We hope these tips help you save stress, time, money and if you are a parent, they help you have significant custodial time with your child.
Divorce is one of the most emotionally difficult events a person can endure.
You and your ex shouldn’t allow it to be financially devastating as well.
Legal fees in the Northern Virginia Area range from $285 to $650 per hour.
Litigation can drive ANYONE into the poor-house.
Try to be reasonable and SOLVE your differences with your ex.
Never spend money, in legal fees or otherwise, to get even or be right.
Kids come first.
As a co-parent one must put the aggression, competition and pettiness in the past and parent with one’s ex like a rock-star.
That’s what you should expect of yourself, your family-law attorney should expect of you and what your child or children deserve.
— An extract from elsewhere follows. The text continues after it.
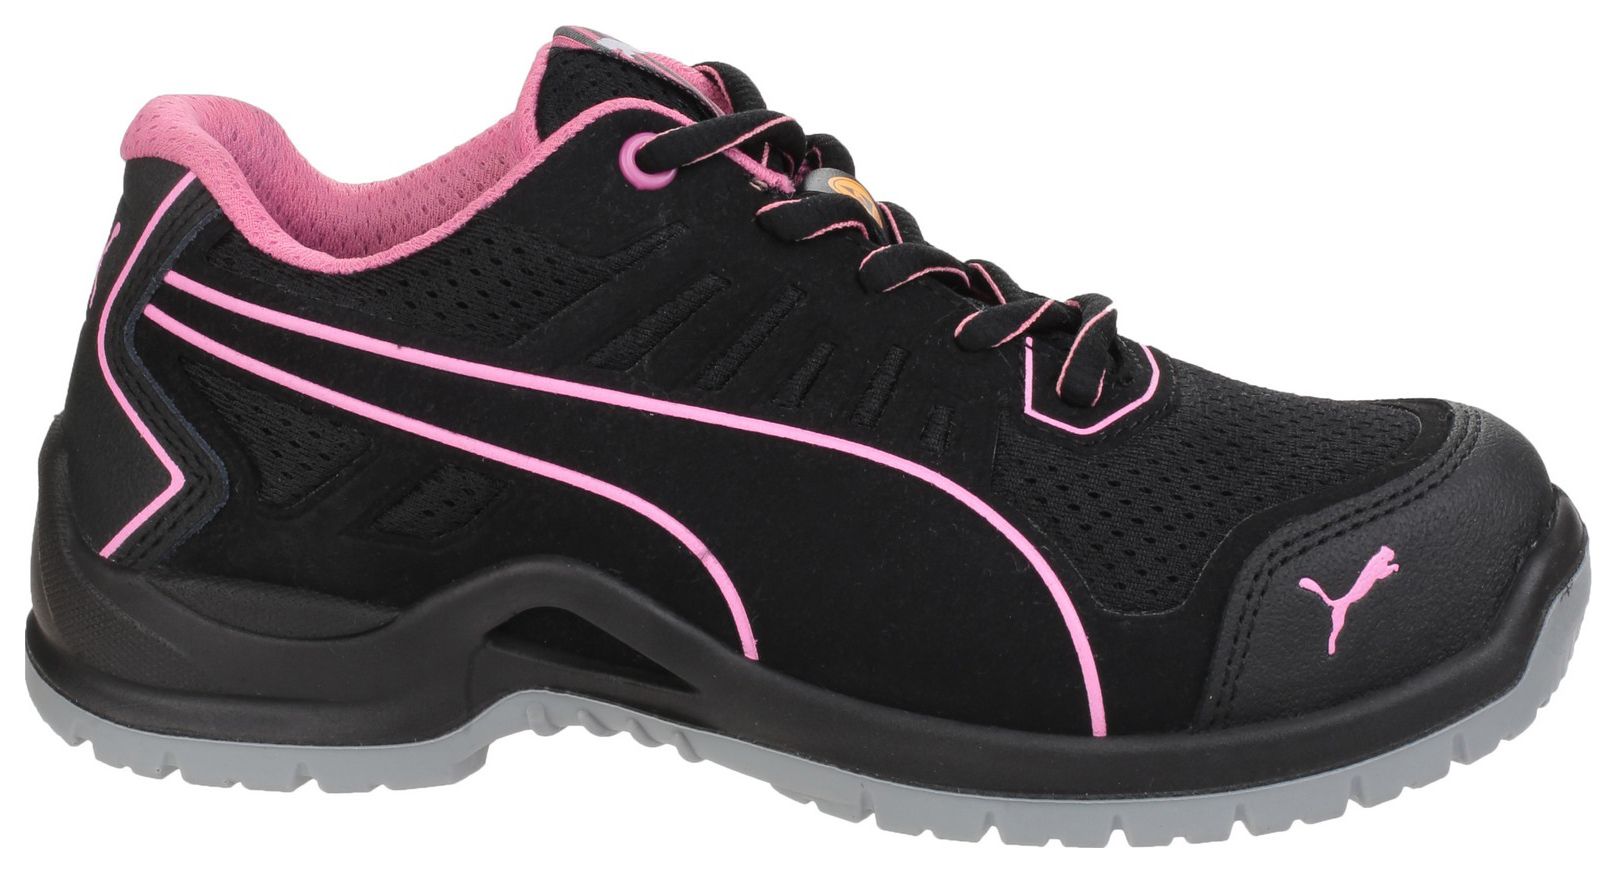 Puma Fuse Technic 644110 Womens Safety Trainers Black - Size 37

One won’t fair well, in my experience, in front of our family-law judges if their communications with the other parent are snippy, overly-polite, sarcastic, finger-pointing, blame-gaming, gas-lighting, selfish, and mis-focused on the parent’s own interest BEFORE the child’s. This type of parent is not really trying to co-parent but instead is really trying to “win” some “point” about the other parent being “bad” or a “liar” or in some way “unfit” because of something being blown way out of proportion. This type of behavior can, in my experience, lead to less custody and time with one’s child.
Don’t involve kids in adult problems.
Don’t be a drama llama.
Don’t seek a Protective Order for advantage in your divorce.
The more your lawyer does – the more it costs.
I have NEVER met a client that loves or even likes litigation. I have met plenty that SAY they want to litigate.
However, in my experience, the suffocating stress that comes with litigation tends to make clients edgy ALL THE WHILE wiping out their retirement accounts.
Most clients think they will get it back in awarded attorney’s fees. Well, maybe. No guarantees though.
Be kind to the other parent even though you don’t want to be.
This does not hurt your case – it strengthens the argument that you are the reasonable one.
Be the reasonable one and compromise, A LOT!
Do not keep score.
When the other parent is running late, is a jerk, tries to tell you how to parent, sends kid back without any of the stuff the kids went/were sent with and is just being an overall nuisance do not respond in kind.
You have to respond as if they are the JUDGE IN YOUR CASE because that is the ONLY audience you care about when writing your communications to the other parent. Be polite, not weird and appropriately mature in your response.
EXAMPLES OF HOW TO COMMUNICATE WELL WITH THE OTHER PARENT:
DO: “No worries Jonathan! I’ll grab something while waiting! Take your time.”
DO NOT: “Sure, why not Mr. President Jonathan? Scott and I were just sitting here doing nothing. Yep, nothing to do here because we are not important like you! So please Your Highness, whenever you deem it CONVENIENT for you to bring the children back we peons will be waiting, doing NOTHING and just happy to be in your PRESENCE again, Mr. President. OH AND by the way…this is only the 18th time you have been late in a row. I’m sick of it! YOU DON’T CARE ABOUT ANYONE but yourself JONATHAN CLEMENTINE JONES. You are a NARCISSIST! And I don’t like my kids around your mom. THAT WOMAN spanks my kids. Tell her to stop. Or I will go back to court…so help me! And I'm telling my lawyer right now. And calling the police for a WELLNESS CHECK."
You want to swap or get more time with your kids(s) to do something special with them – on a day that is not yours on the custodial schedule:
DO reach out like this: “ Hi there! Hey, Miss Sheila how about we swap Wed. for next Sat so Katrina and I can take the kids to the Newseum to see the Exhibit that will be off display by Sunday. Or are you & Scott planning on taking them or somewhere or have plans already? Please let me know at your soonest. Also, please let me know if a different night would work better instead. Hey, I know you met Katrina last time but did you want to grab a coke with us at next drop? I’ll bring the kids and everyone drinks from McD’s. Thanks. Jonathan.”
DO NOT: Good Evening Sheila. I'm being overly civil b/c my lawyer said I had to be. Advise your husband to stop contacting me and my fiance. We want NOTHING to do with either of you. We know you dropped your brother, Johnny on his head when he was 5 months old and that to this day, Johnny does not forgive you for that! He told me at his 35th birthday last week. You weren't even invited were you? Can you blame him? SHEILA, this is my FORMAL REQUEST - I WANT the children on Saturday. You MAY REMEMBER that I allowed you to see the children for an extra hour last Saturday because your Mother was in town? Even though your Mother says TERRIBLE THINGS ABOUT ME IN FRONT OF AND TO ALL OF THE CHILDREN! Make her stop this SHEILA! I EXPECT you will return my courtesy and allow me this formal request. AND IF YOU DO NOT, I shall cut off the children’s phones so you can NO LONGER facetime with them. Sincerely, Jonathan."
Good luck and hope these tips help you!